>>>

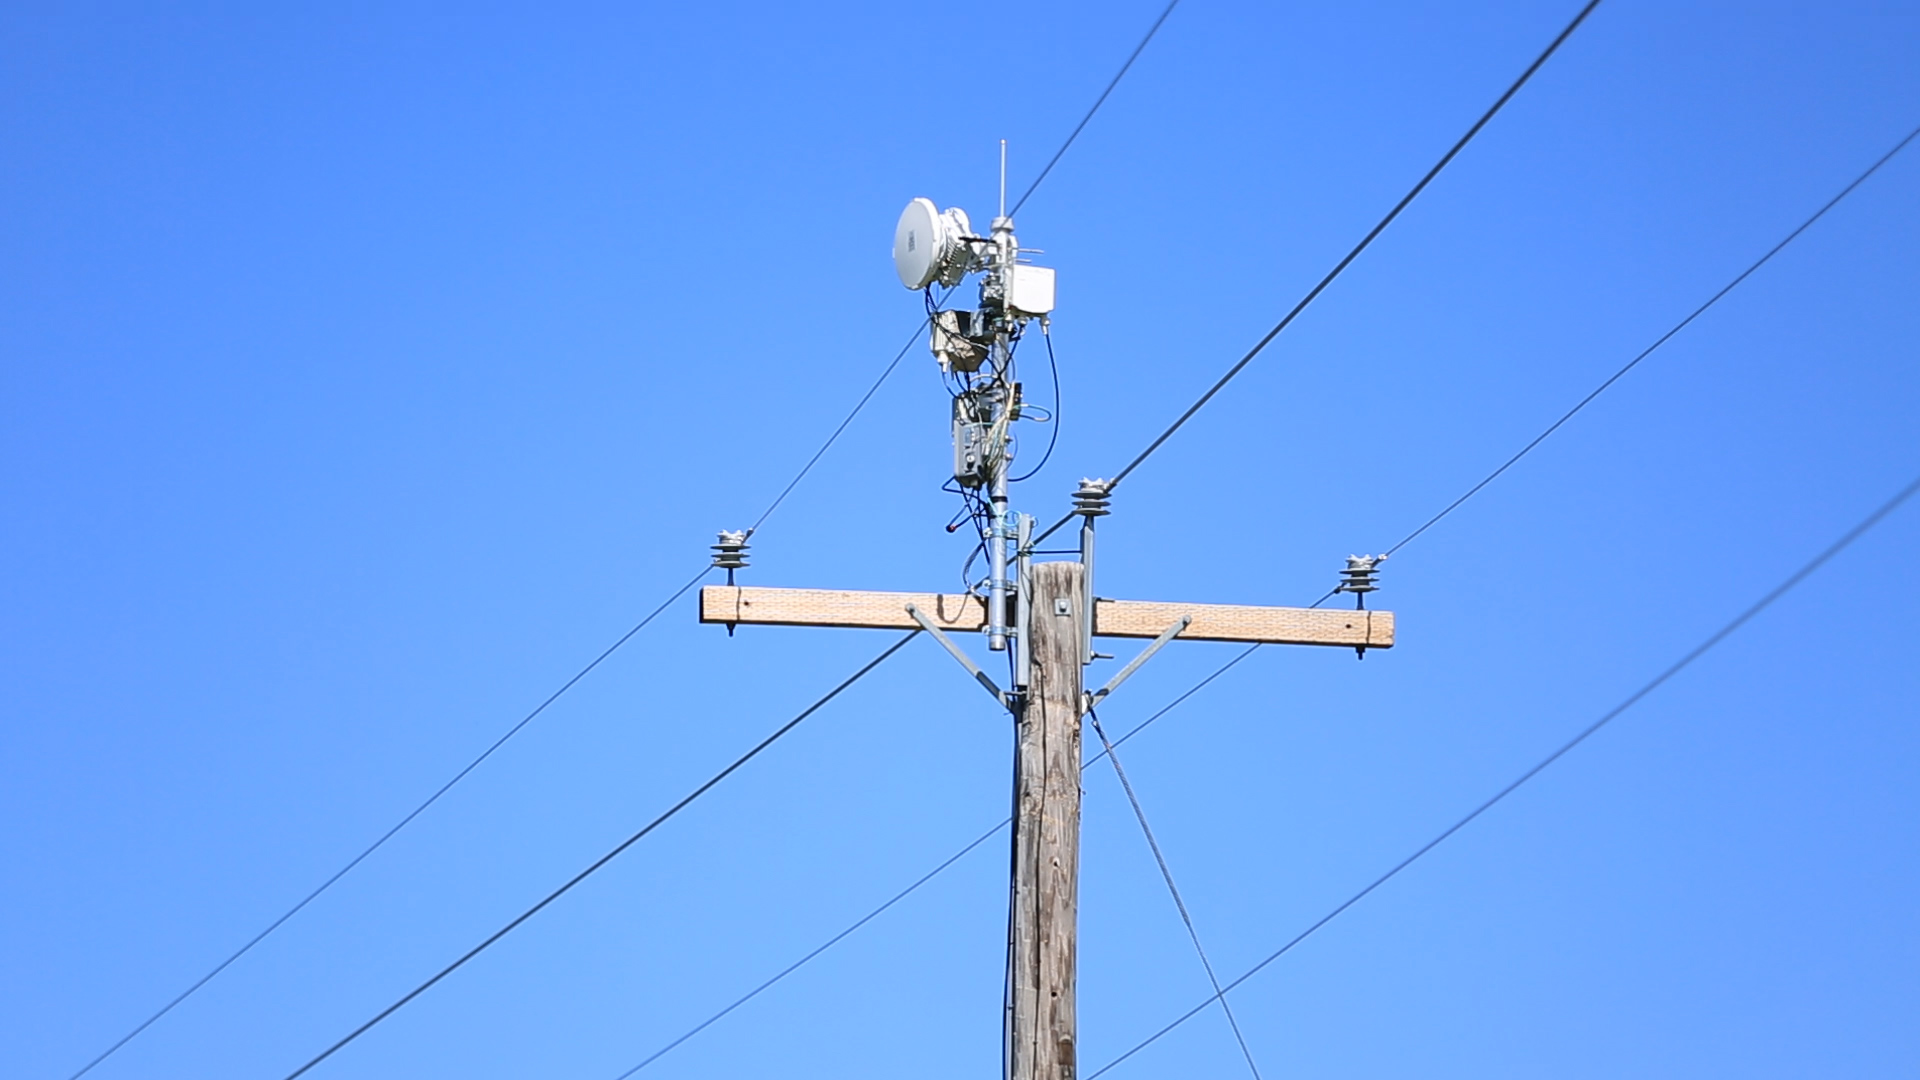 AT&T Project AirGig will use the existing power grid to propagate millimeter wave signals
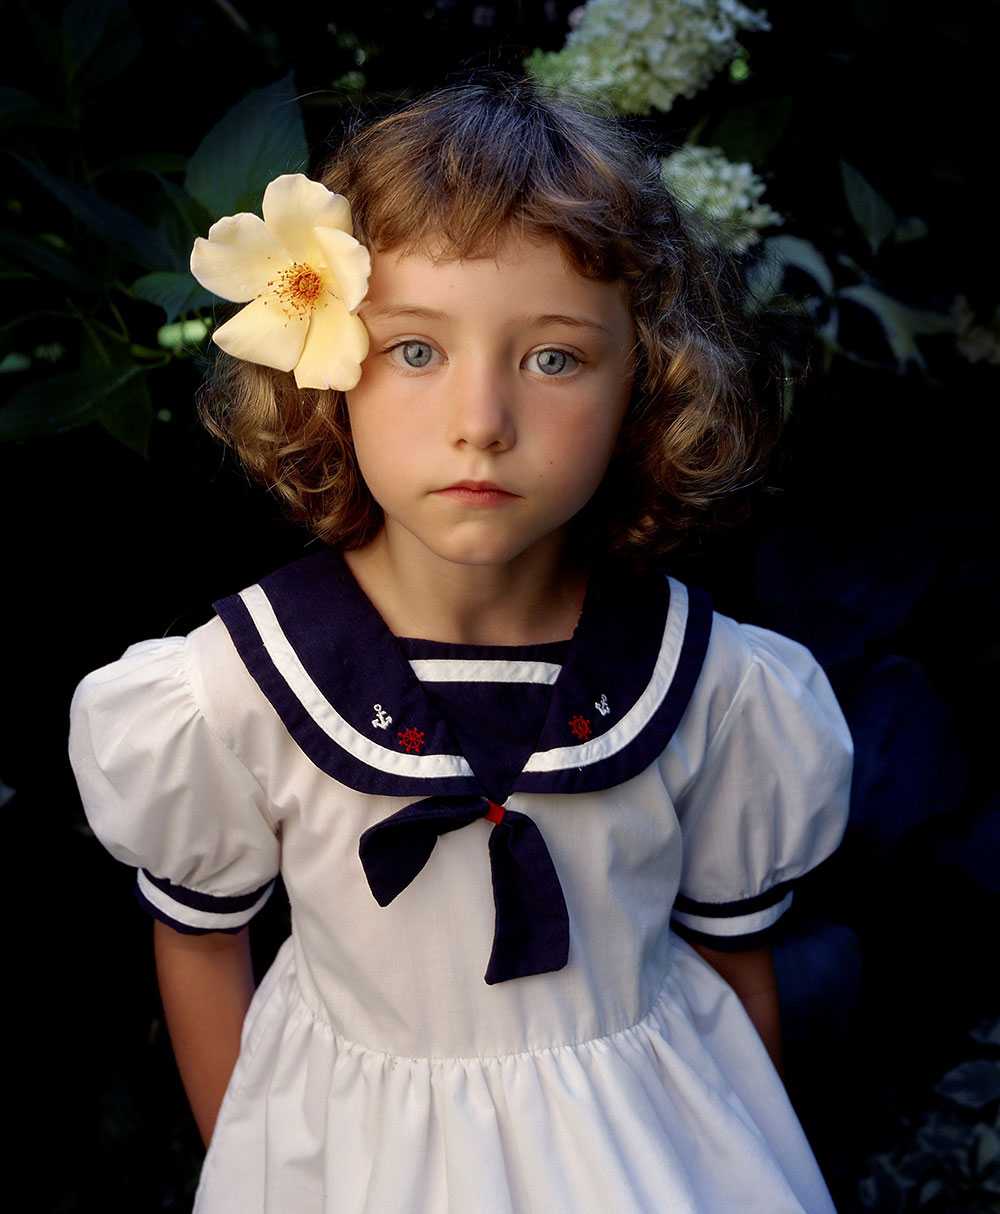 A young girl in a sailor dress looks up at the camera with a flower behind her ear.
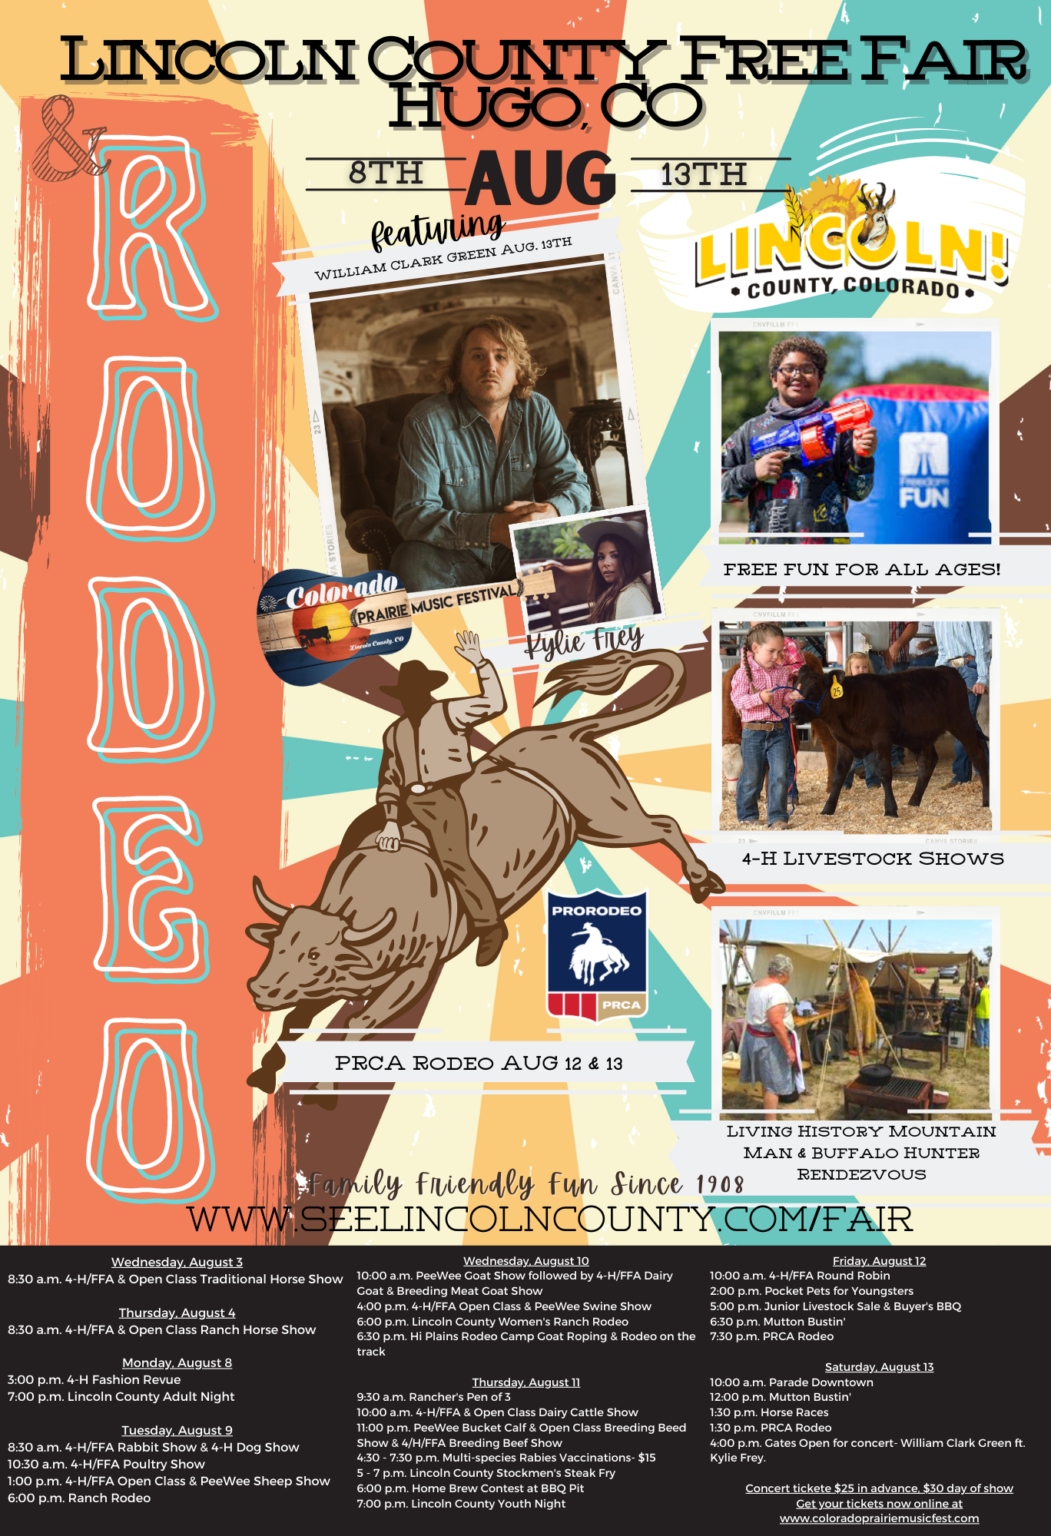 Lincoln County Fair & Rodeo - See Lincoln County Colorado

<<<

* Task goal: Output the full listing above exactly, excluding all pictures.

* Response:
 AT&T Project AirGig will use the existing power grid to propagate millimeter wave signals
 A young girl in a sailor dress looks up at the camera with a flower behind her ear.
 Lincoln County Fair & Rodeo - See Lincoln County Colorado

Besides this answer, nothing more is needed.